Вот примерно то же самое я испытывал теперь, когда Генри Пайк повел публику прочь из здания Королевской оперы. Должно быть, я все же соскользнул с занавеса и пролетел последние два метра вниз, ибо вдруг обнаружил, что лежу на сцене с резкой пульсирующей болью в ноге и острым желанием разбить кому-нибудь лицо. Кое-как поднявшись на ноги, я увидел прямо перед собой изуродованное лицо Лесли.
Я отшатнулся. Вблизи оно выглядело еще более жутко. Я старался не смотреть на эту гротескную маску. А по обе стороны от Лесли стояли актеры, занятые в пьесе, – все мужчины, все довольно взвинченные и, за исключением молодого баритона, какие-то уж слишком крепко сложенные для служителей высокого искусства.
– Вы в порядке? – пропищала Лесли. – А то мы за вас беспокоились.
– Вы же хотели меня повесить, – напомнил я.
– Питер, – вздохнул Генри Пайк, – я никогда не желал вам смерти. Последние несколько месяцев я привык видеть в вас не заклятого врага, а скорее персонажа для комической паузы. Эдакого смешного чудака, который в нужный момент появляется со своей собакой и откалывает забавные номера, давая истинным мастерам сцены возможность сменить костюм.
– Но Чарльз Маклин, насколько я понял, так и не появился.
Длинный нос презрительно сморщился.
– Ничего, – бросила Лесли, – этот колченогий ублюдок не может прятаться вечно, когда-нибудь он да вылезет.
– А пока его нет, мы… – хороший, кстати, вопрос. –
– Играть наши роли, – ответила Лесли. – Мы – мистер Панч, неукротимый дух бунта и мятежа. По природе своей мы создаем вокруг неприятности, а ваша природа велит вам препятствовать этому.

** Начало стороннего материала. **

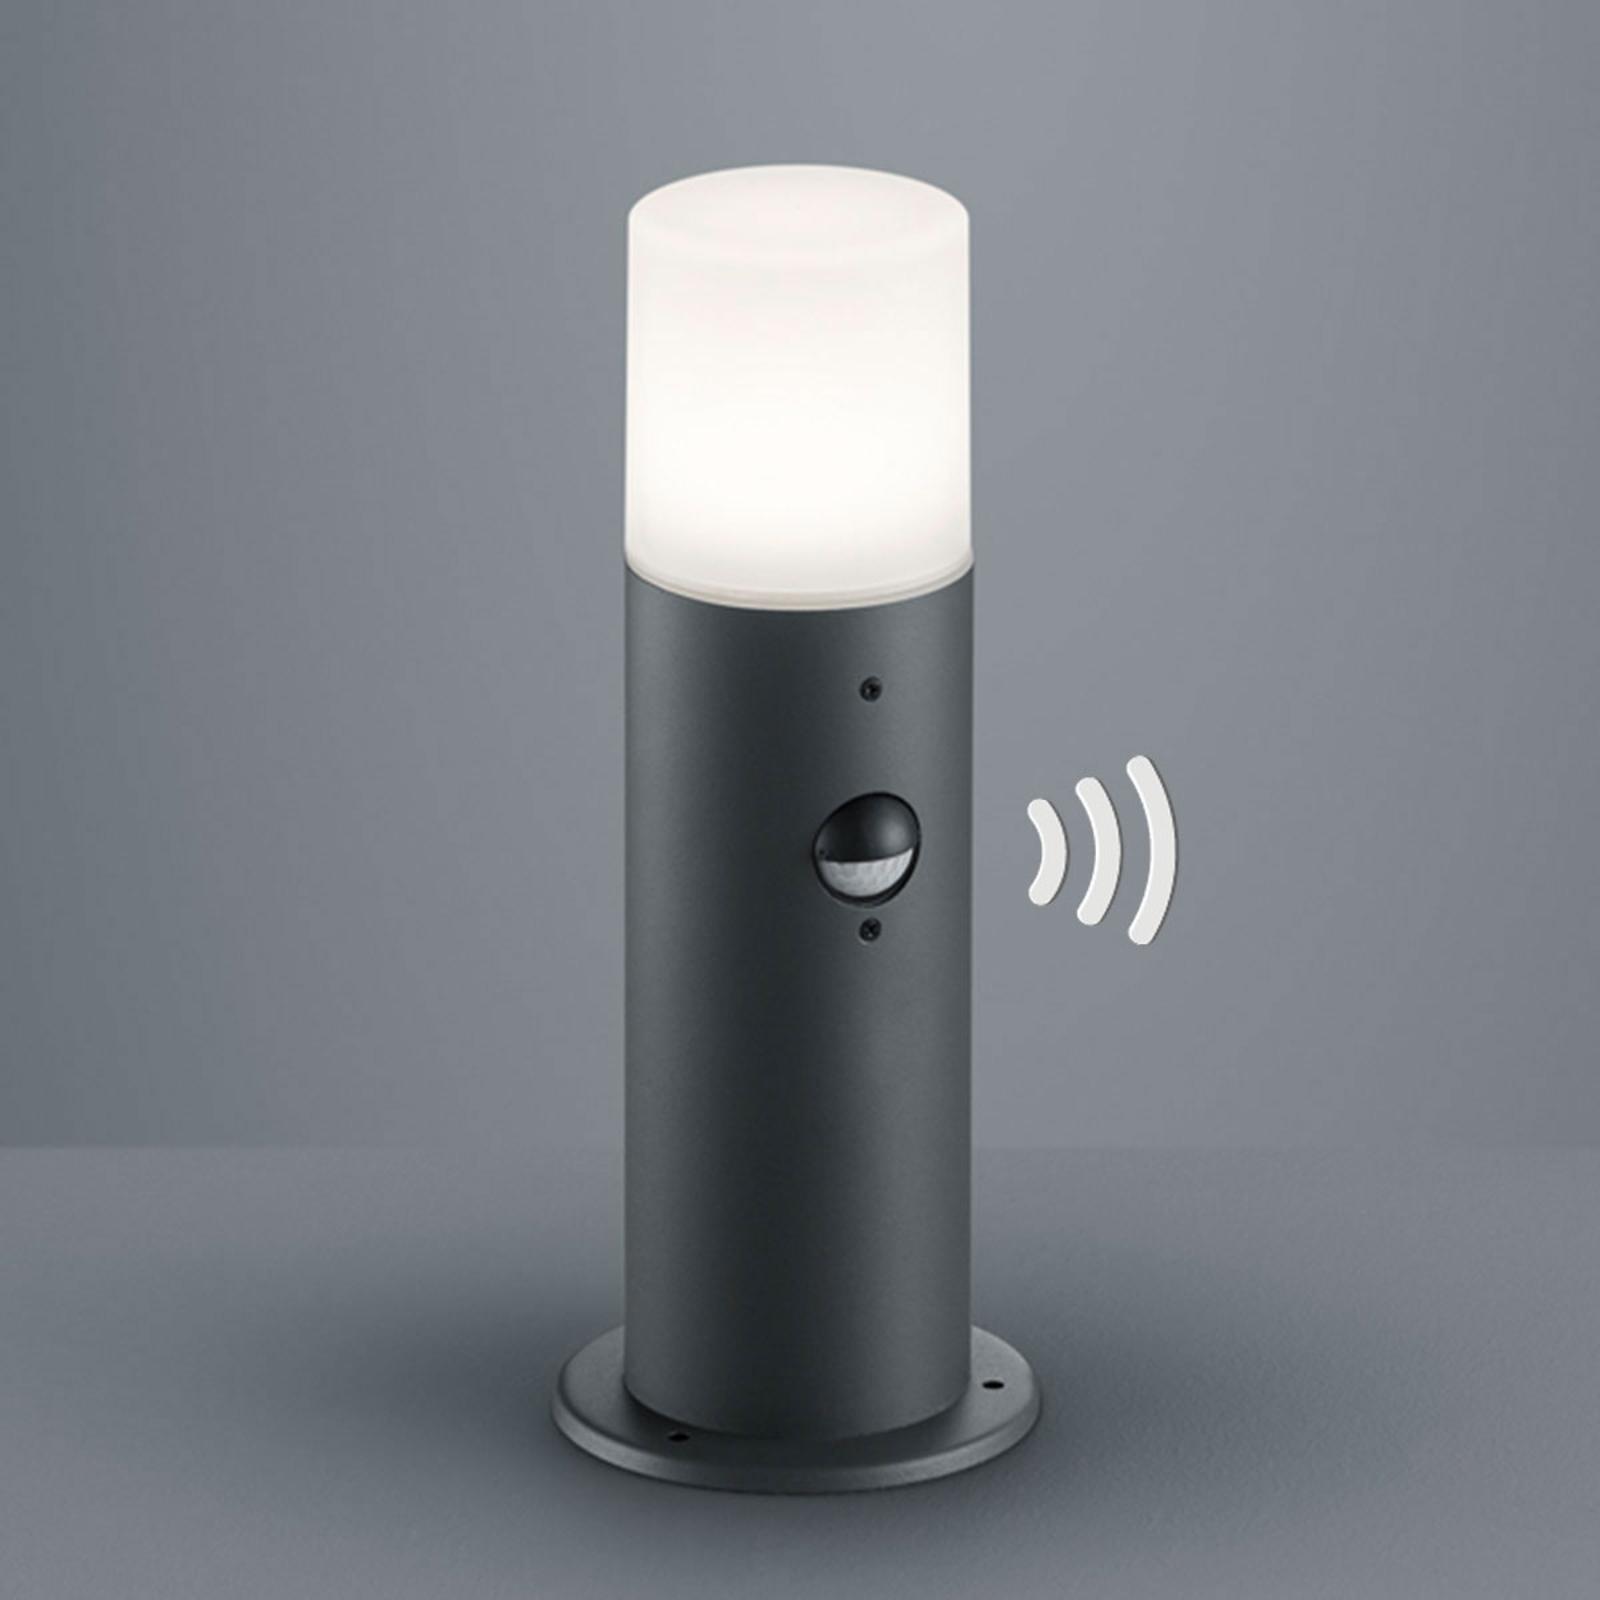 Sockelleuchte Hoosic in Anthrazit mit Sensor

– Но вы убиваете людей, – заметил я.
– Увы! – вздохнула Лесли. – Искусство всегда требует жертв. И поверьте тому, кто знает об этом не понаслышке: смерть не столь трагична, сколь скучна.

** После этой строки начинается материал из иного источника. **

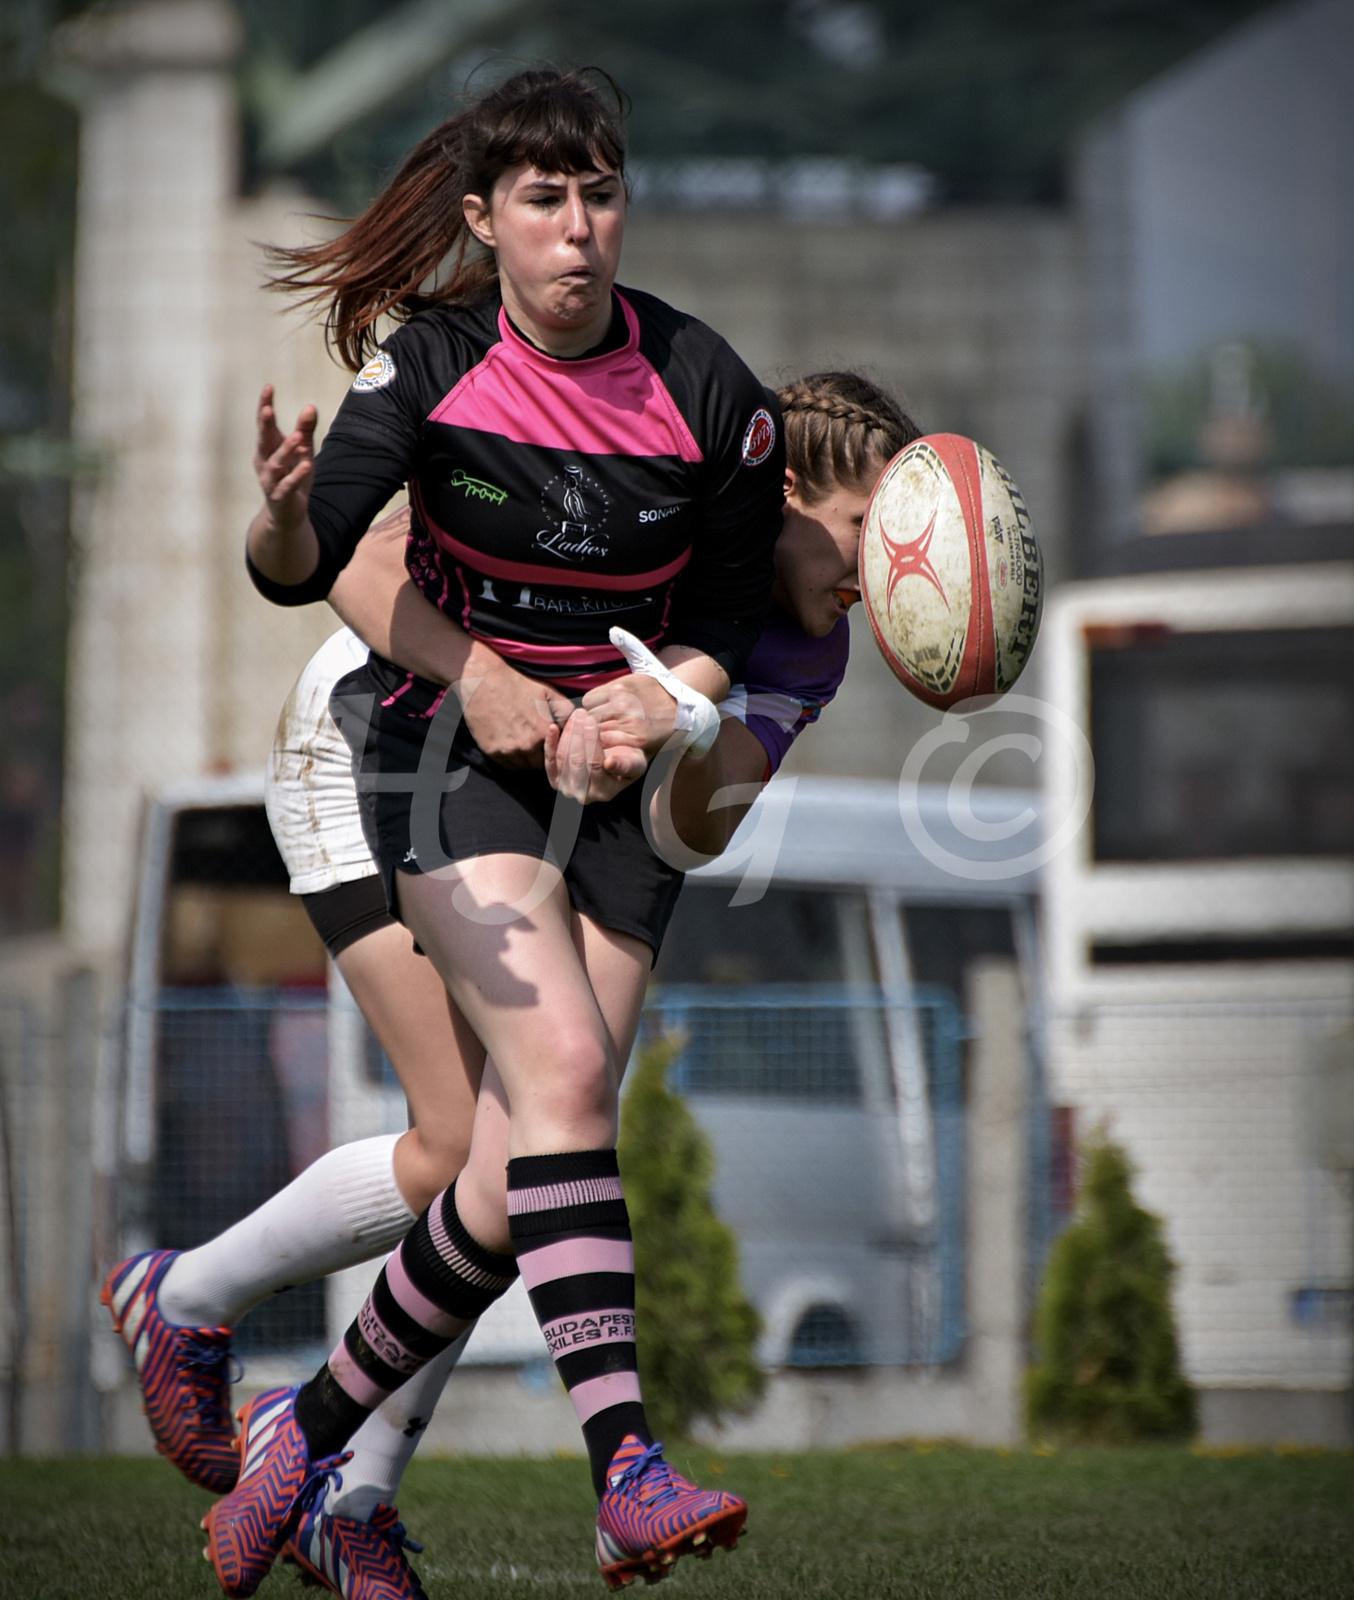 Női rugby forduló Esztergom

И тут меня как громом поразило – я осознал, что говорю не с конкретной личностью. Эти его словечки, как будто надерганные из разных эпох, эти странно изменчивые идеи и действия – все свидетельствовало об одном: это не Генри Пайк и даже не Панч. Это просто образ, персонаж, собранный, словно лоскутное одеяло, из многочисленных клочков, блеклых и истрепанных. Возможно, так всегда бывает с призраками: узор чьей-то памяти отпечатывается на материи города и сохраняется там, словно файл на жестком диске. И постепенно стирается, по мере того как на эту матрицу наслаиваются жизни новых поколений лондонцев.
– Вы меня не слушаете, – возмутилась Лесли. – Я тут выкроил минутку из своего плотного расписания, чтобы насладиться триумфом, а вы ушли куда-то в себя!
– Скажите, Генри, – спросил я, – как звали ваших родителей?
– Мистер и миссис Пайк, разумеется, как же еще?
– А их родителей?
Лесли рассмеялась.
– Не морочьте мне голову, – сказала она. – Их звали Отец и Мать.